Which brings me back to my point: the Chappelle movie triggered me to get back to the music. In addition to going mobile with the new iPod config, here's what I want to be doing:
  • Getting to soul sides and breath of life on a regular basis--which I already do...but also reading the essays as I listen to the tracks
  • Revisiting some of that 90s hip-hop neo-soul that the Chappelle flick got me thinking about again, which I haven't been listening to much lately: basically exactly the lineup of the block party, plus Tribe (as the progenitors), plus D'Angelo (the only one lacking from the lineup)
  • Getting back to some jazz. I thought I had written here, but apparently I didn't, that I'm listening to less jazz in SF than I did in Ann Arbor. Actually, that's true of both recordings and live shows. How cool that one of Dave's asides in the movie was him recommending we all study Thelonius Monk.
I had some other thoughts about the movie that I was thinking about writing up, but probably won't get around to it. One of those thoughts was how that group of musicians--that school of 90s hip hop and neo-soul, what this VV blogger called the Okayplayer aesthetic--is the closest some of us come to have a contemporary culture that we (have) connect(ed) with. But I wasn't articulating that idea too convincingly to Anj just now, so I'm not even going to try to explicate it in writing. I will just say that I'm glad I caught Common and the Roots a handful of times in that period that they were our zeitgeist, and regret not seeing Mos Def in that period.
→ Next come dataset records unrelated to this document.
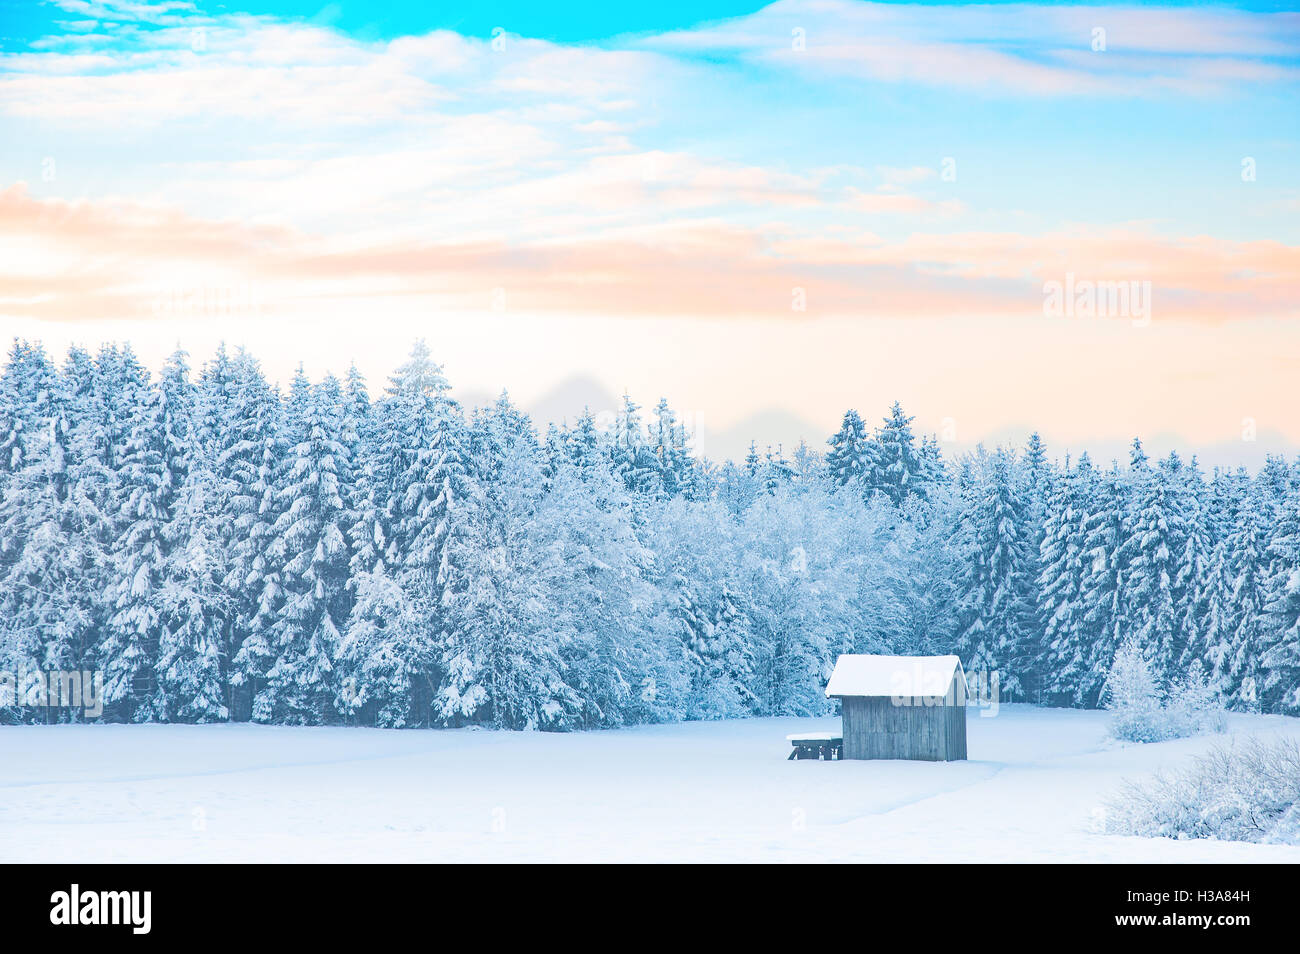 La mattina presto in inverno il paesaggio rurale con coperte di neve la foresta e sfumature pastello colorato alba sunrise sky Foto Stock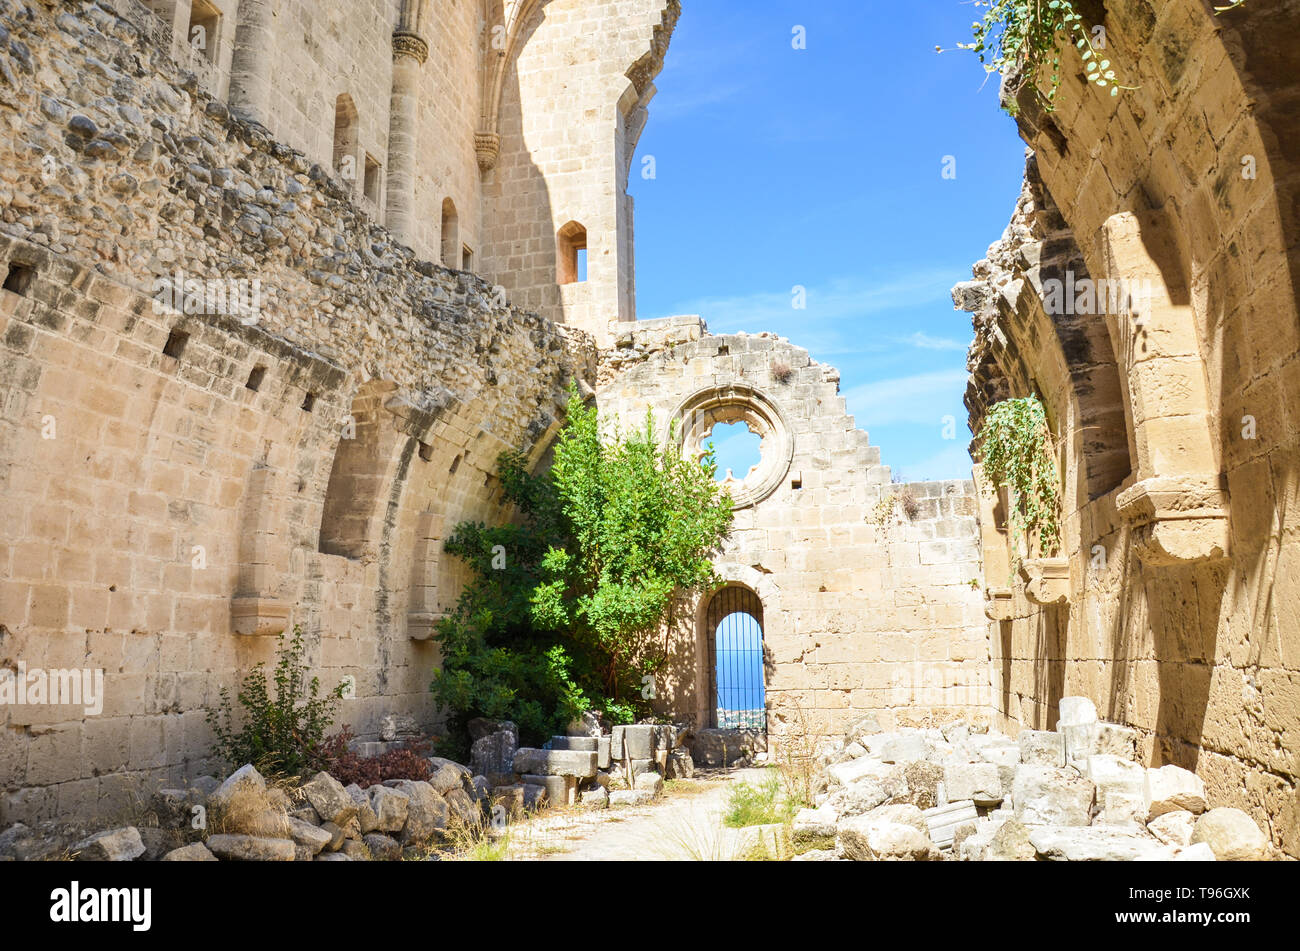 Die Ruinen der mittelalterlichen Abtei Bellapais im türkischen Nordzypern genommen an einem sonnigen Tag mit blauen Himmel. Die historische zypriotischen Kloster ist eine beliebte Sehenswürdigkeit. Stockfoto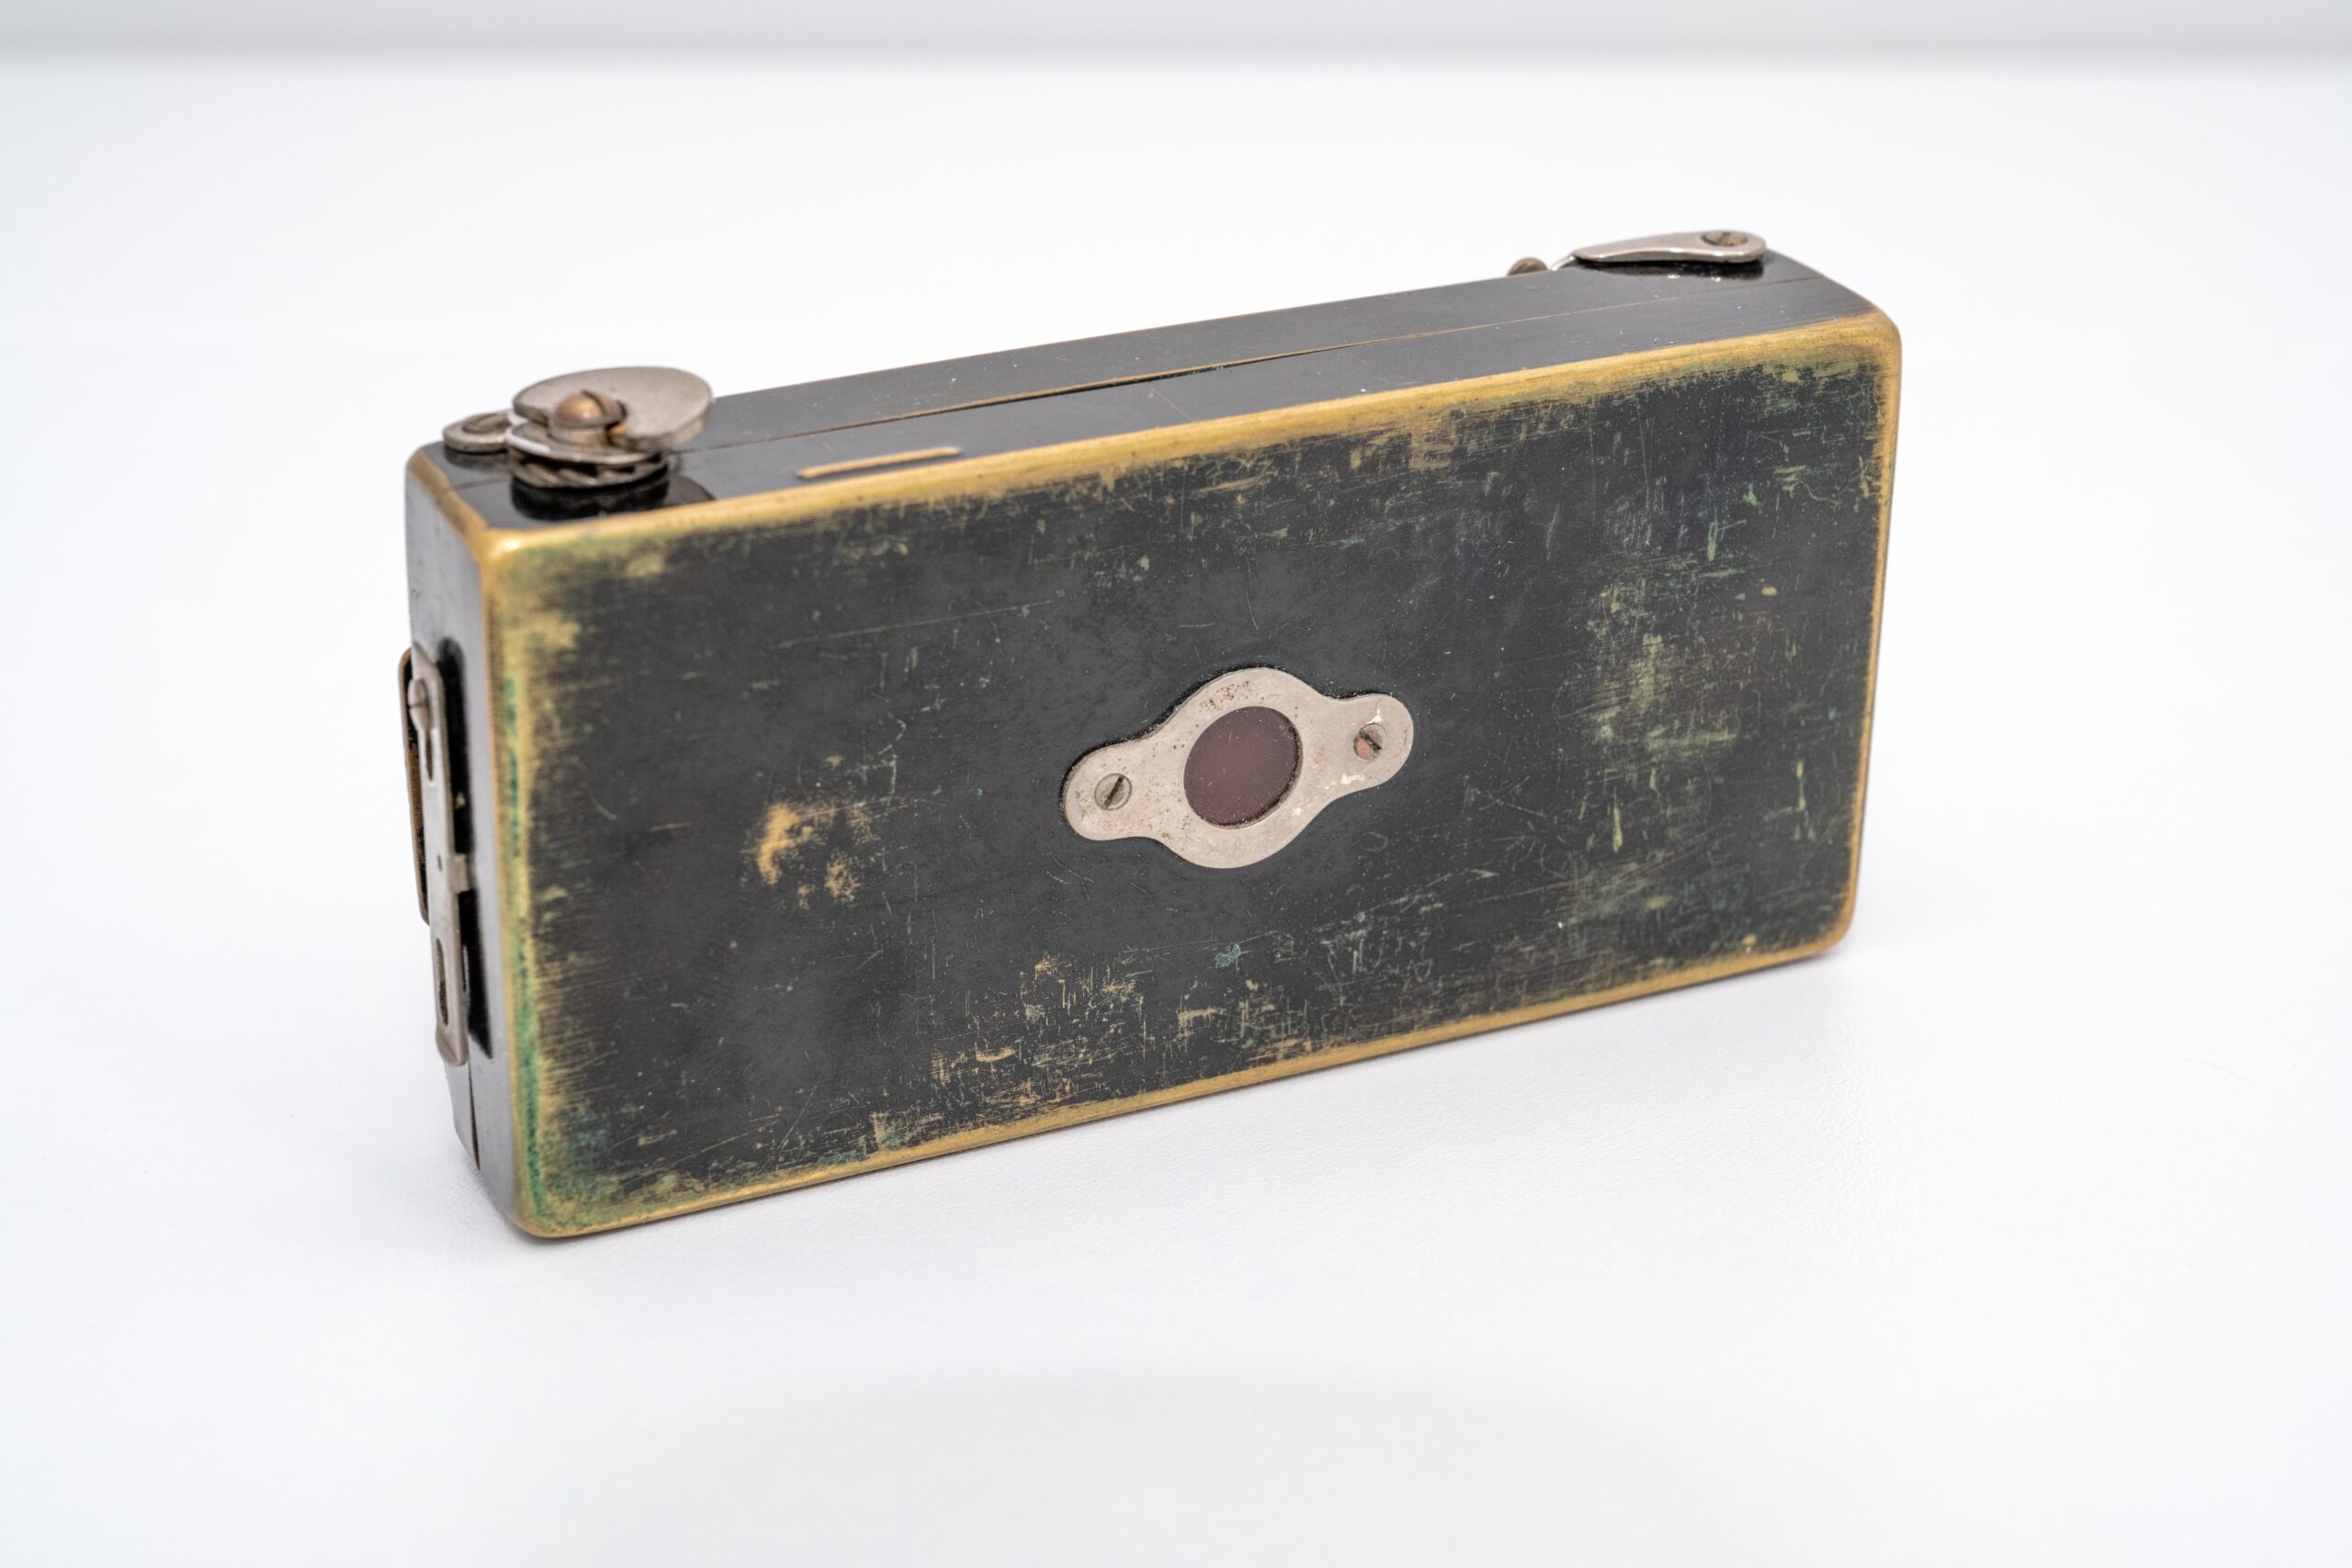 Cooke Anastigmat Ensignette roll film antique camera for sale

I had some other random thoughts, but it turns out a surprising number of them are subsumed among the things that that VV blogger learned while watching Dave Chappelle's Block Party. (That blogger's got a name--Tom Breihan...give credit where credit is due--something I just gleaned from sepiamutiny's reblogging policy. One more thing: I've got to get to "Status Ain't Hood" more regularly.)

For instance, I actually did read "?uestlove's mammoth OKP post from immediately after the show"--which goes to show I was wasting a fair amount of time on music blog around that time; I also thought Jill Scott just about sang Erykah off the stage; and seeing/hearing Lauryn again gave me goosebumps too. (I appreciate all the more after reading and listening to this masterful week on breath of life.)

Ok, enough on all that. Got to get to typing some math.